Esperance Shire Councillor pushes for shark signage

Shark alert: A push by Councillor Shelley Payne to erect a shark warning sign at Wylie Bay failed after no one on Council offered to second the motion. Photo: Supplied.

Shark alert: A push by Councillor Shelley Payne to erect a shark warning sign at Wylie Bay failed after no one on Council offered to second the motion. Photo: Supplied.

A push by Esperance Shire Councillor Shelley Payne for the Shire to erect a shark warning sign at Wylie Bay and investigate the compatibility of activities along recreational beaches has failed.

The motion, which was raised during the General Council Meeting on April 24, lapsed after no one on council offered to second it.

The motion suggested Council remind fishermen to consider the impacts of their activities on beach users.

As part of the motion, Councillor Payne said Wylie Bay had been the site of two white shark attacks and numerous shark sightings, both of which had been on tourists during the school holiday period.

Ms Payne said it was imperative that adequate signage was installed alerting tourists to potential shark risks and information on how to obtain up to date information on recent shark sightings.

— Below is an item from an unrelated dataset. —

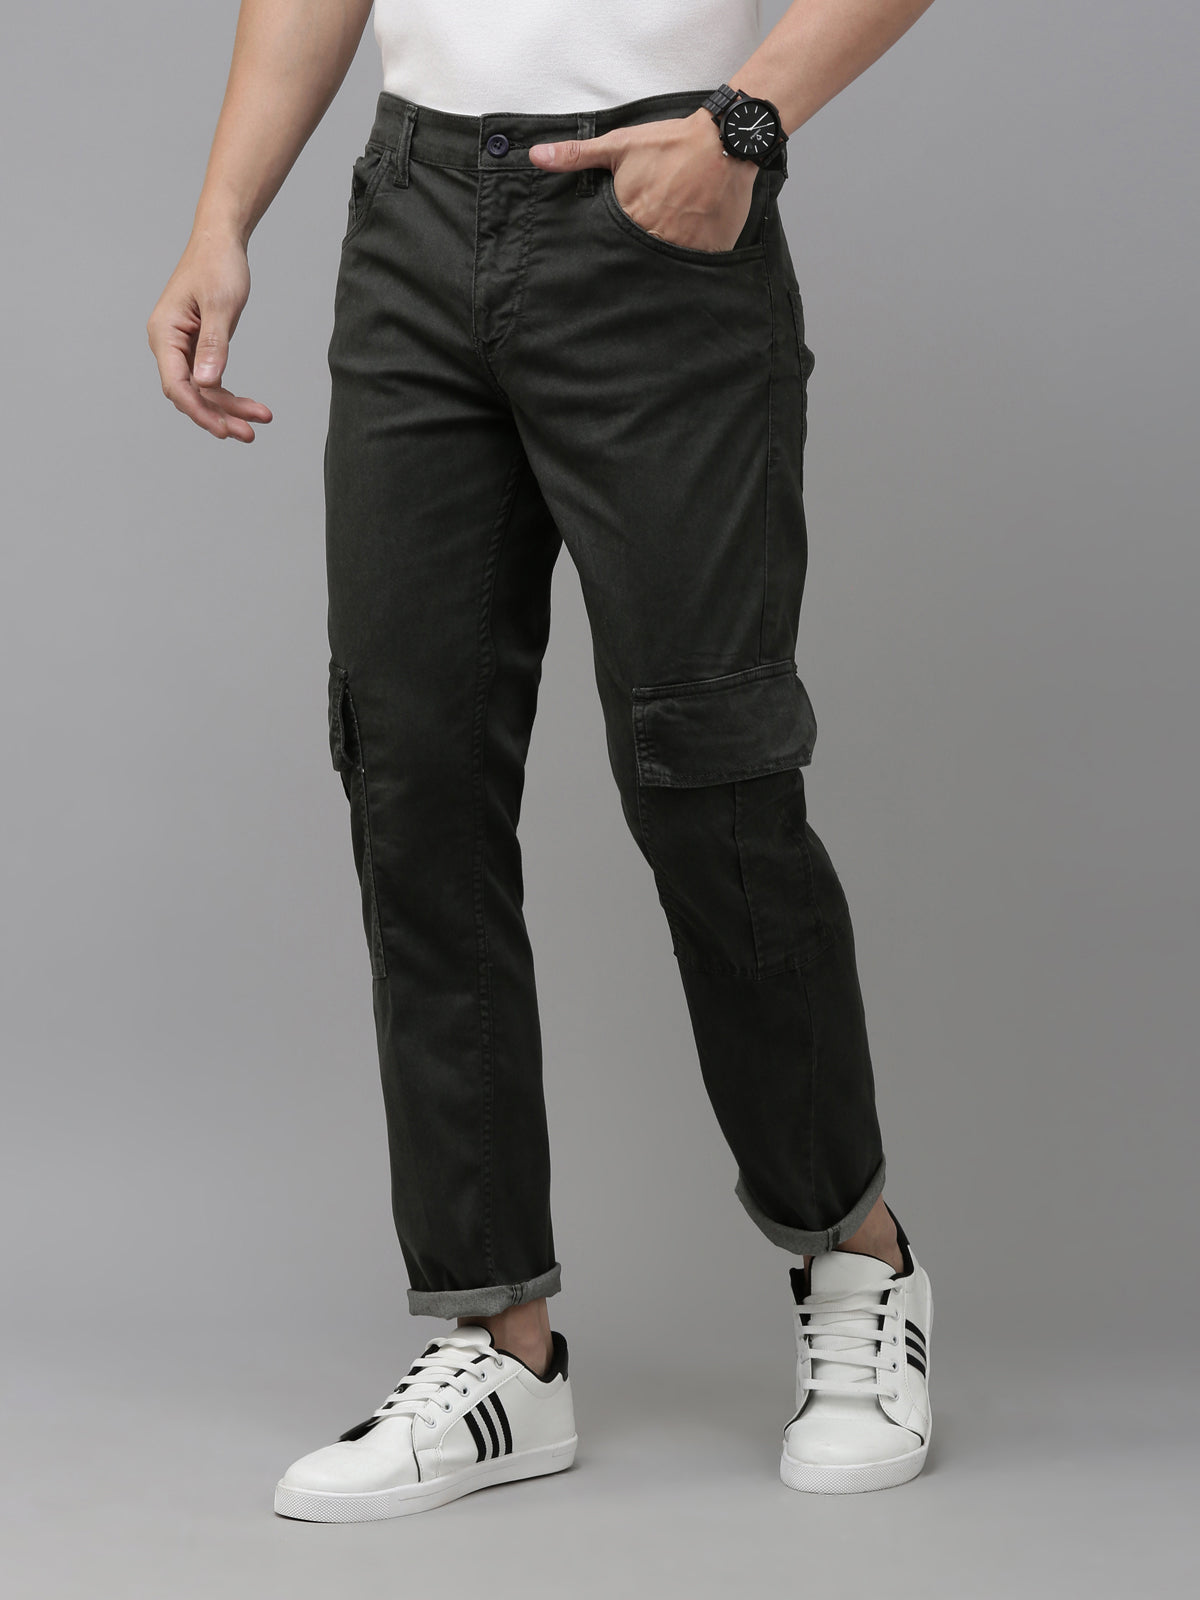 Buy ManQ Charcoal Slim Fit Flat Front Trousers for Men's Online @ Tata CLiQ

Shire of Esperance chief executive officer Matthew Scott said that although the motion was not supported by the other councillors at the meeting, the Shire would continue working with the state government to update their signage.

“We understand that that is something that a lot of other local governments are doing,” he said.

“It’s about making sure that people can make an informed decision when they go to the beaches.

“We certainly are not advocating trying to restrict access or anything like that, we just want to make sure that people have that knowledge, be it that it may pay to check SharkSmart to see if there has been any recent activity.

“Likewise, we will respond accordingly if there are any incidents.”

Mr Scott said he believed the town could be seeing the state government’s new beach emergency signs erected over the next few months.

A Department of Biodiversity, Conservation and Attractions spokesperson confirmed that shark signage was the responsibility of the land owner and manager.